There’s nothing to say, so I continue toward the door. Behind me, he utters something that’s like a dagger to my heart.


The mist outside covers my tears. The wind whisks away the sound of my sobs. Seeing my reflection in the puddles on the side of the road reminds me that Britney McCray had a life, and while it may be over now that I’m here, the longer I last the less likely someone else has to suffer the same fate.


It’s a long walk to Javier’s apartment. There’s nothing special about the place; just a large, gray, rectangular building that’s about eight stories tall and stretches for a quarter of a block. There are bars on the windows, more to keep jumpers in than predators out, and a large, metal gate at each entrance to the street, one on both ends of the building.

There are no intercoms or keypads at the gates, but they’re only ten feet tall and scalable. My feet touch the ground on the other side in a few breaths, something Victoria did mostly out of principle but which Britney has to do because she cannot just text Javier to have him let her in.

The inside of the building is drab. Rows of apartments that look identical from the outside and show very little variation on the inside. I’d say it was depressing if I hadn’t also spent years of my life in a nearly identical building a few blocks over even though I always knew I could do better. To me, an apartment is like a mediocre job or boyfriend; it’s boring but dependable and the times you realize you’re truly unhappy are far enough apart that it doesn’t weigh you down in between. You stick around because it’s easy and hope when something better comes along your fear of the unknown doesn’t keep you stuck right where you are. I was just waiting until Donavan was out of school, and then I’d move somewhere tropical. Or until my parents retired. Or until I got bored of what I was doing. None of that matters now. Victoria Simone was too comfortable to take anything better than mediocre. She’d regret it if she weren’t already dead.

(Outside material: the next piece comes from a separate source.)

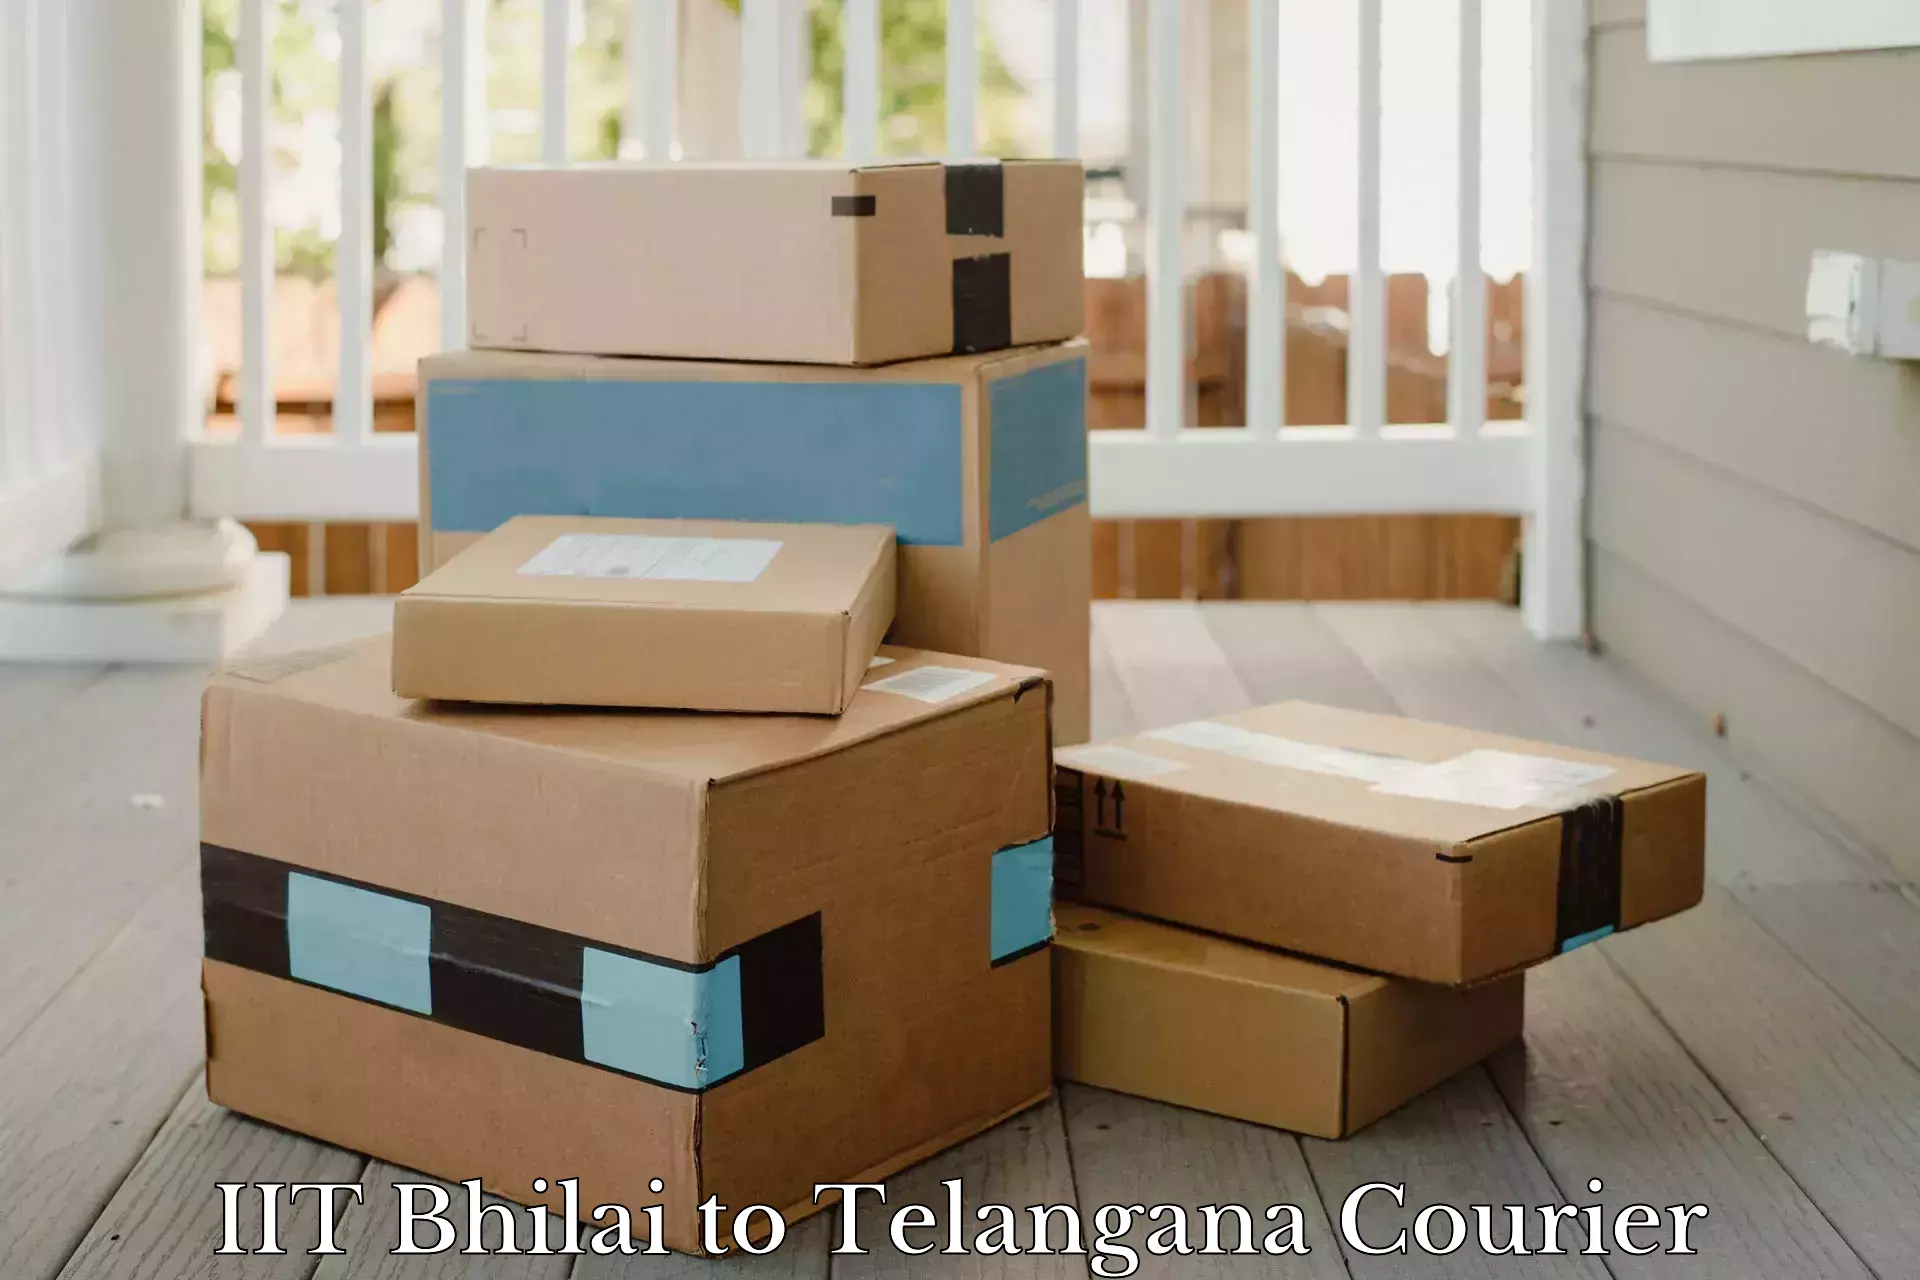 International courier networks in IIT Bhilai to Sultanabad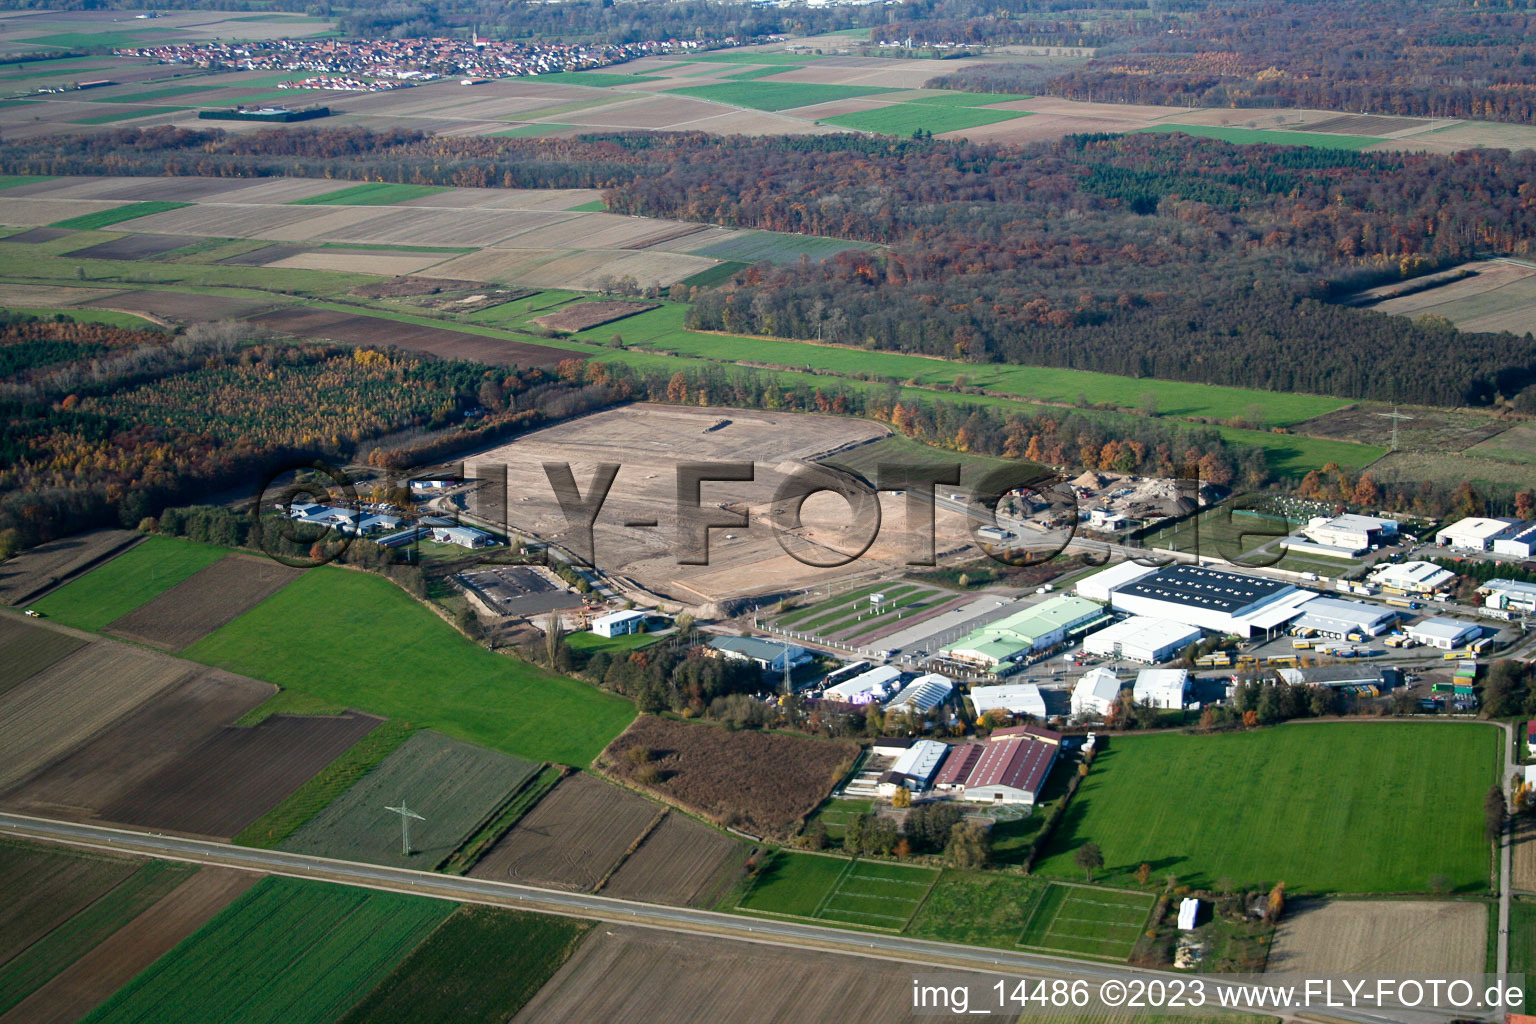 Aerial view of Am Horst industrial area in the district Minderslachen in Kandel in the state Rhineland-Palatinate, Germany

Javier’s apartment is on the fifth floor. It’s easy to tell his door from the rest because it’s the only door that has a keypad above the doorknob. He kept telling me to add one to mine, but I just kept putting it off. In the end, I suppose it didn’t matter, but the irony of a person like me living in such an insecure apartment isn’t lost.

Thankfully, I still remember his keycode. His apartment is just as I remember it, something I don’t fully appreciate until it slaps me in the face. This is, without a doubt, the only familiar thing I’ve seen since Jenny died, aside from Donavan and my parents this morning, and the weight of that nearly knocks me to my knees. The smell is the same. The furniture is where it’s always been. The stupid posters on the walls. All of it. Even the kitchen table, with a plate and glass of water in his favorite spot, facing the TV.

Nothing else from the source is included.